Follow the instructions below on your own computer:
Open the URA3_locus.txt file in ApE. It contains a FASTA file or the URA3 locus of Saccharomyces cerevisiae. URA3 is an enzyme in the metabolic pathway for uracil synthesis.
The sequence should be 2804 nt and contains the gene (ORF, open reading frame, 804 nt) and 1000 nt sequence before and after the gene.
Select the first 500 nt (you can use the Edit>Select From-To.. from the Menu) or select manually. The selection will tell ApE to look for primers in this area.
Select Tools Find Primers…
You will see a window like the one above.
Change the following settings as indicated above in orange::
Length Minimum 20
Length Maximum 25
Tm Minimum 50
Tm Maximum 65
Click OK.
You will get a series of primers in a window, click on the first one to select it in the main sequence window.

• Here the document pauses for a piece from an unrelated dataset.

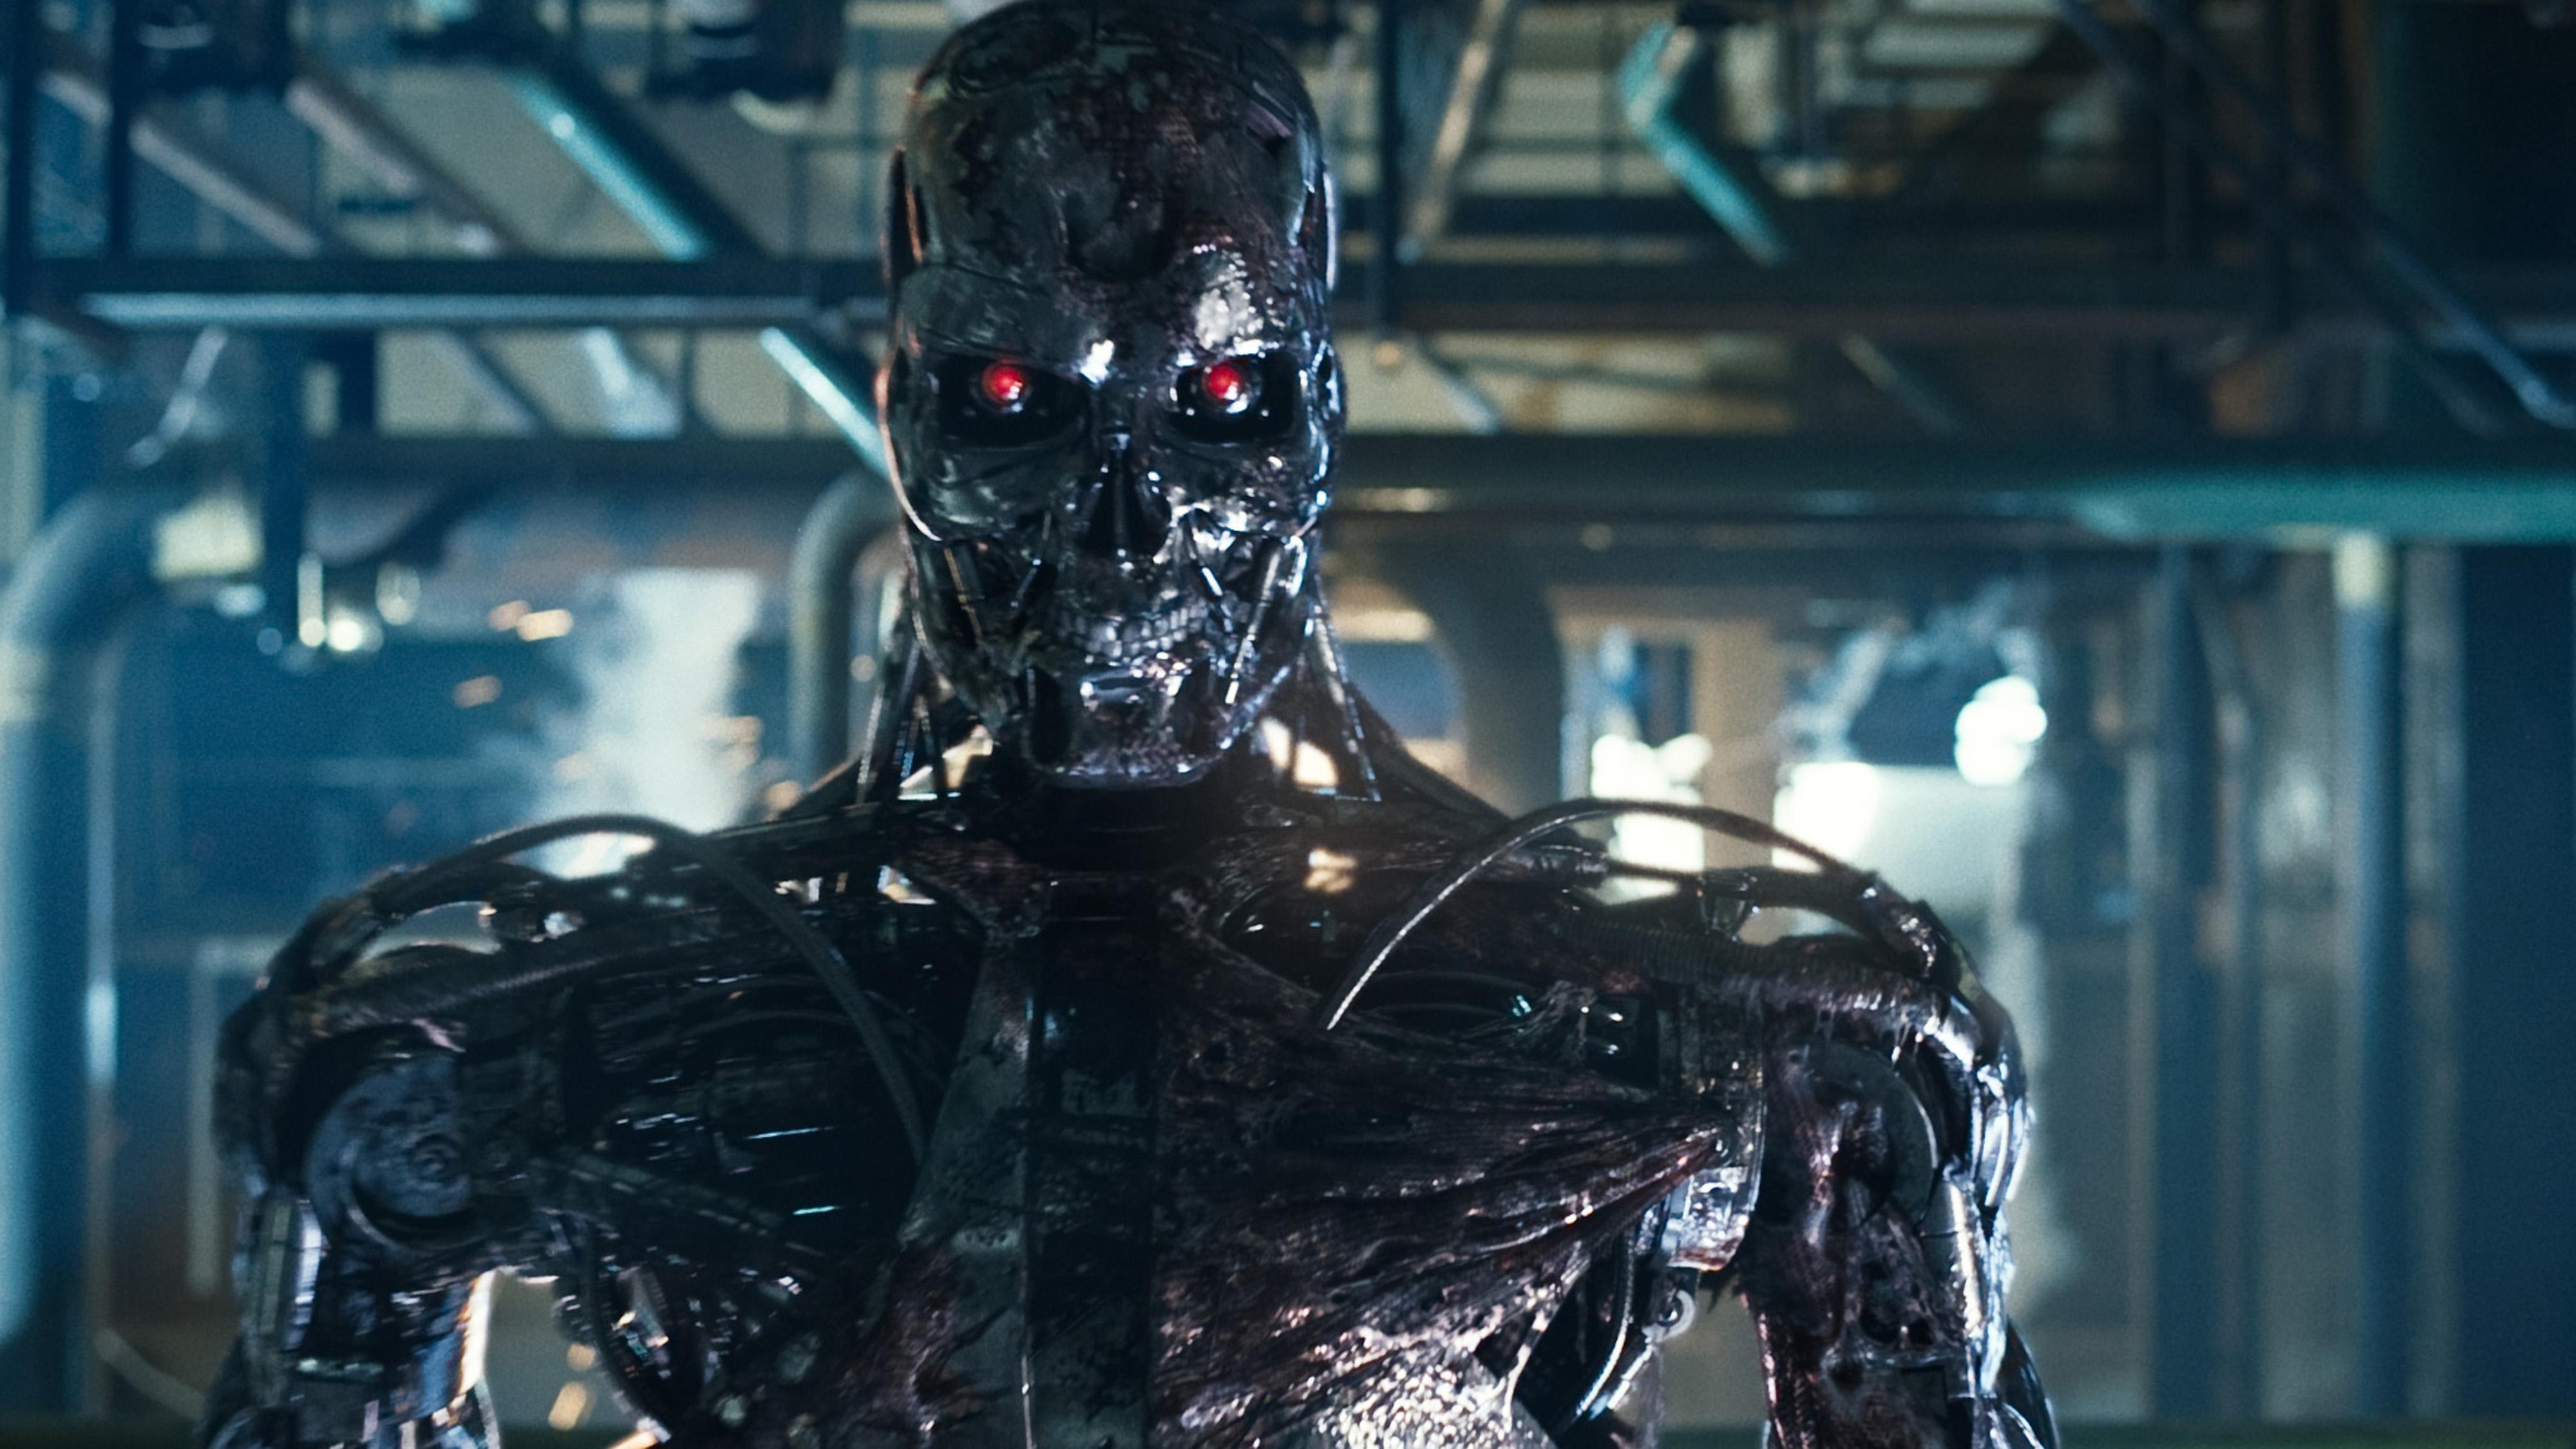     Killerroboter, som det ses i Terminator-filmen, är ett hett ämne bland teknikentusiaster

The first primer will be 20 nt long, start at 64 and end at 83. What you have selected is a forward primer for the sequence. Copy the sequence for the primer to Notepad (Bloco de notas) or another text editor.
Question 1:
Calculate the SEGUID for the primer, the first five characters are geW47. What are the last five?
Now we need a reverse primer! Select the last 500 nt of the sequence (2304-2804).
Select the Find Primer function as before.
Be sure to select the same temperature (Tm) limits as before
Select the opposite Orientation this time: 3’←5’
Question 2:
Calculate the SEGUID for the primer, the first five characters are H/hwG. What are the last five?
Question 3:
Assemble the PCR product from the two primers and confirm that the size of the PCR product is 2731nt and calculate the SEGUID
The first five characters of the SEQUID is zIIiW, what are the last five?